E-Heza: We see E-Heza as a potential partner as we move into Rwanda and other markets. Their approach to managing electronic health records forms a starting point from which we could connect our suite of tools, including those that can be equipped for maternal health e.g. the Butterlfy IQ ultrasound. 

Lifebank: Lifebank is the connection between facilities and life-saving products (blood and oxygen) and vaccines. We see the organization as a great partner to connect our facilities with on-demand blood and oxygen. 


We would be interest to partner with several Solve members including:

Novartis Foundation: The Novartis Foundation vision to support the healthcare needs of low-income individuals in Sub-Saharan Africa with a tech-based approach aligns directly with our vision. We serve low income individuals with tech-based diagnostic solutions. This would be an ideal angle to partner with Novartis Foundation to bring our service offering to their focus countries in SSA, and pilot new diagnostic tools for NCDs.  

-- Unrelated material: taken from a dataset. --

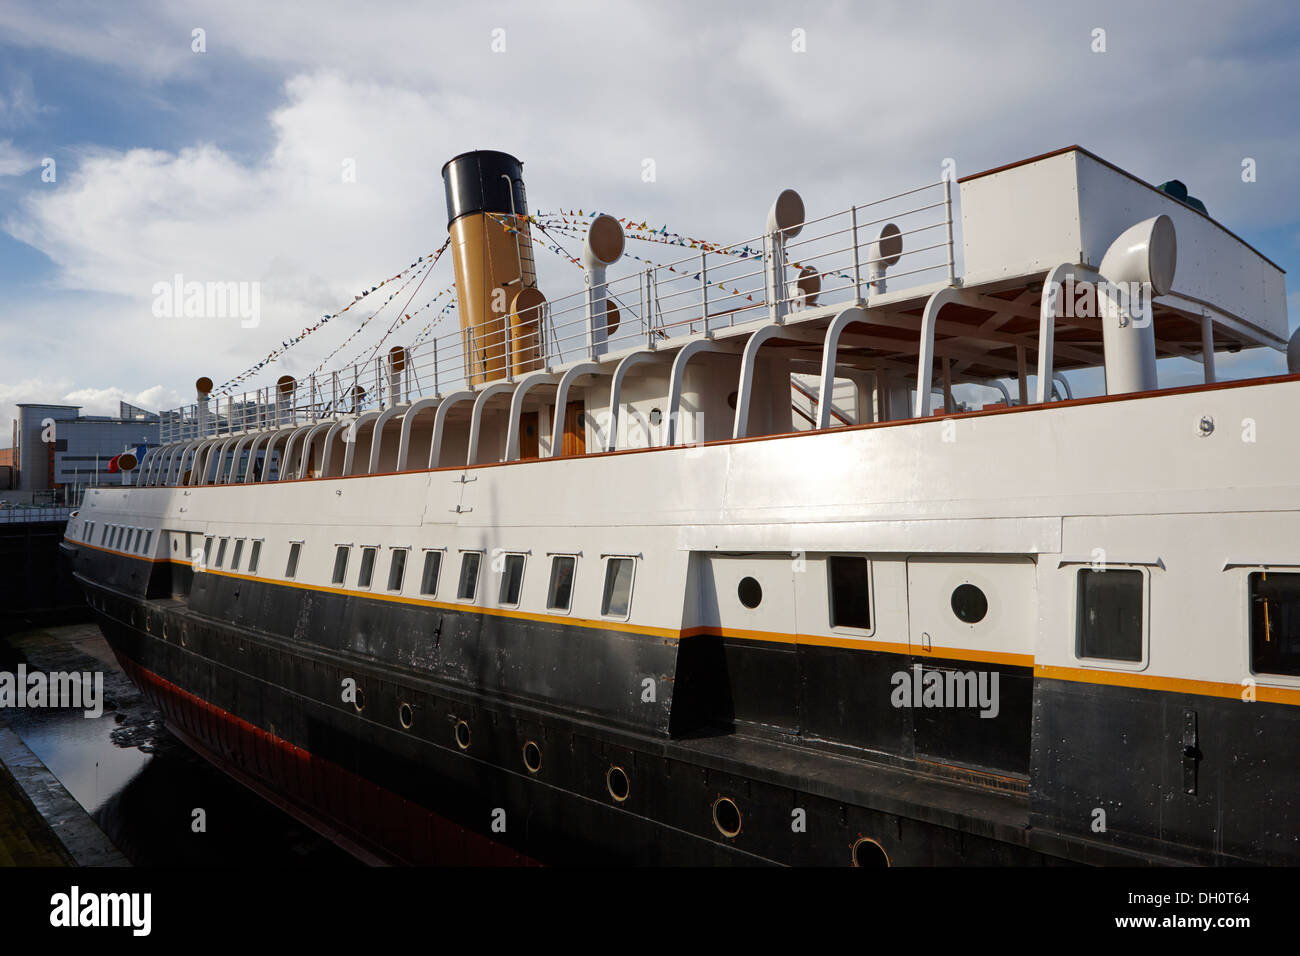 ss nomadic visitor attraction titanic quarter Belfast Northern Ireland - Stock Image
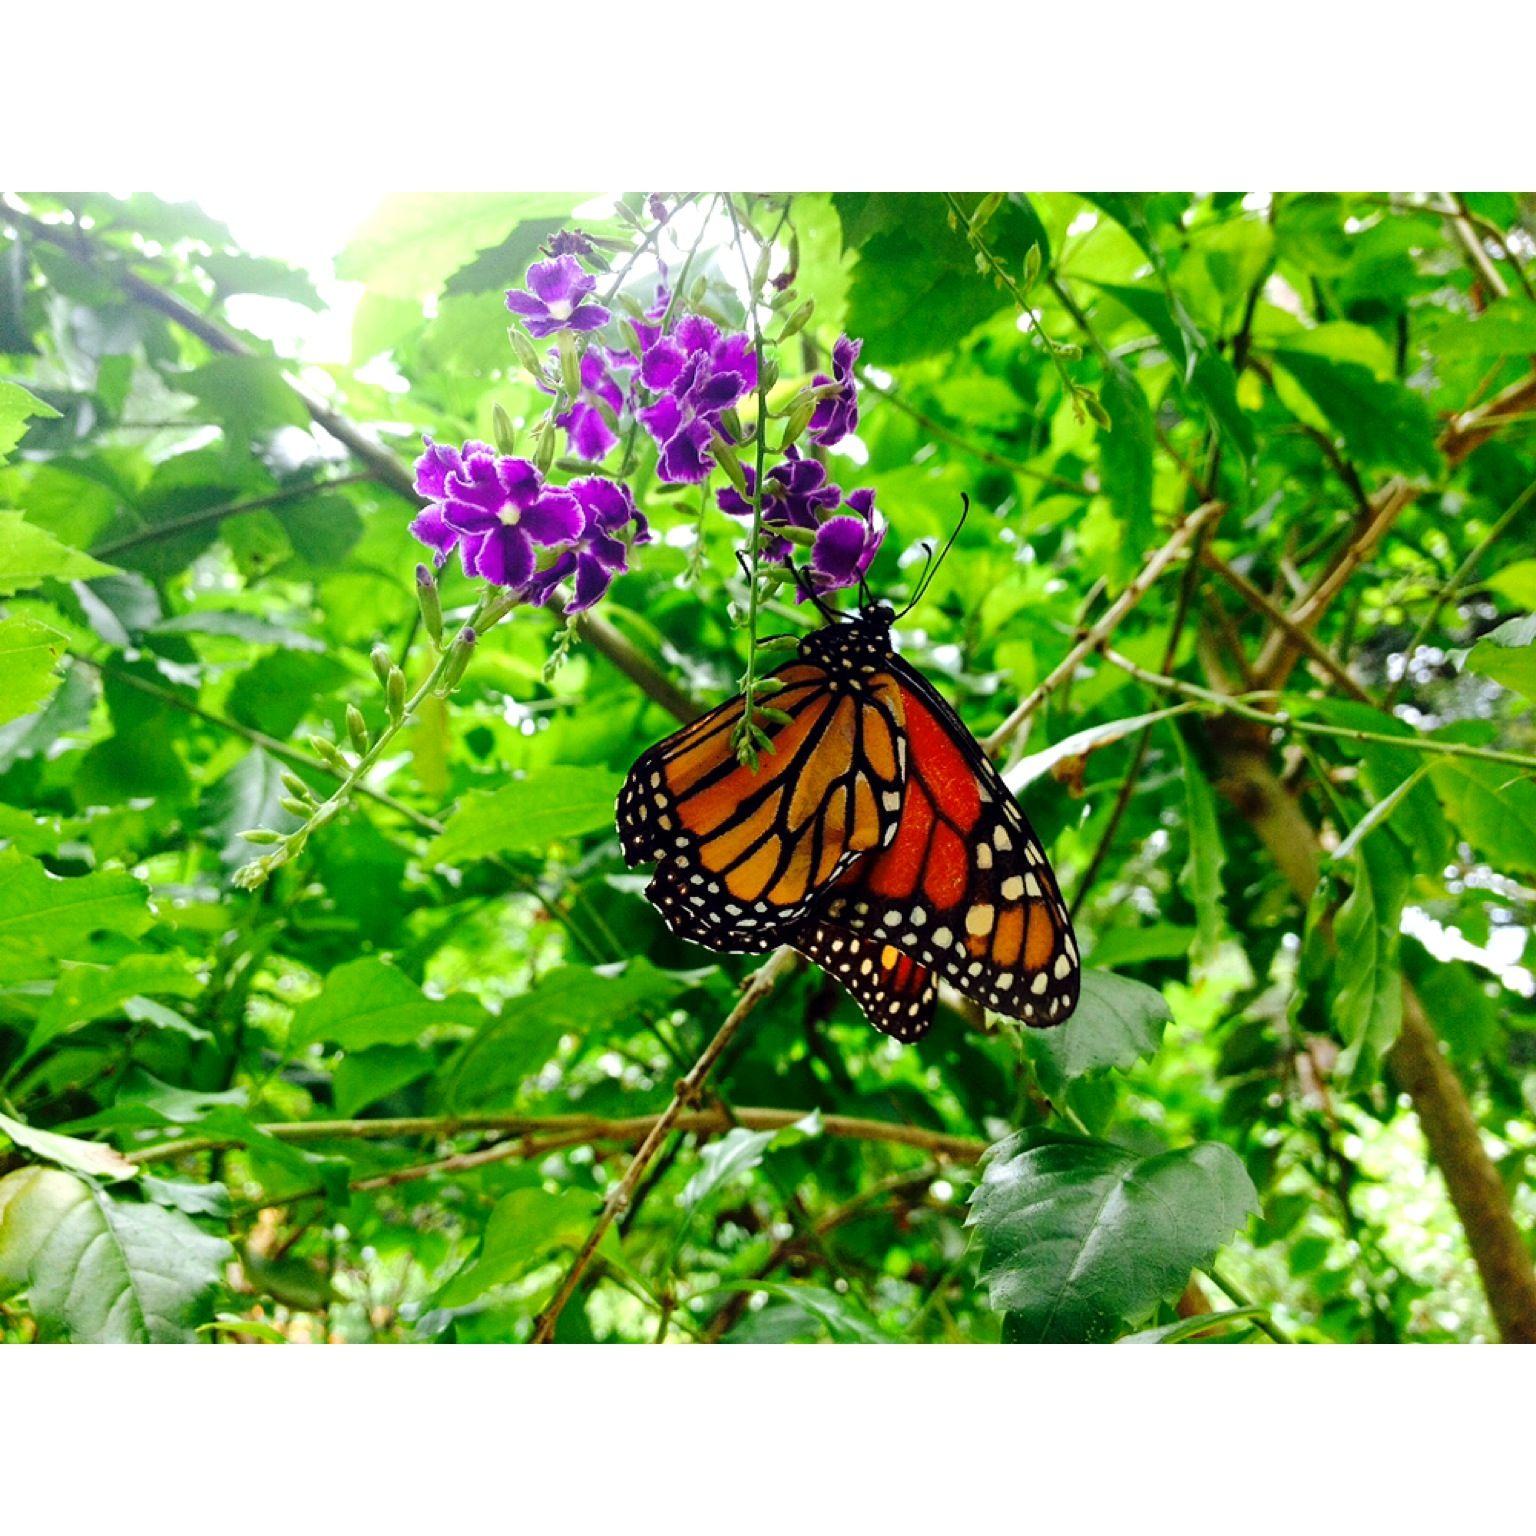 A beautiful butterfly in the Florida sunken gardens ...

The Intuitive Foundation: The Intuitive Foundation is active in technology research for the purpose of promoting health. As we build out our tech platform as a tool to manage health remotely and drive healthcare seeking behaviours, we would be interested to pilot a few approaches with the Intuitive Foundation. 

Please explain in more detail here.

We are seeking new partners at the forefront of medical technology who are looking to equip clinics in Sub-Saharan Africa with tools that will dramatically change the level of care they are able to offer. We are seeking advice in building out a distribution approach that will suit clinics in more rural areas.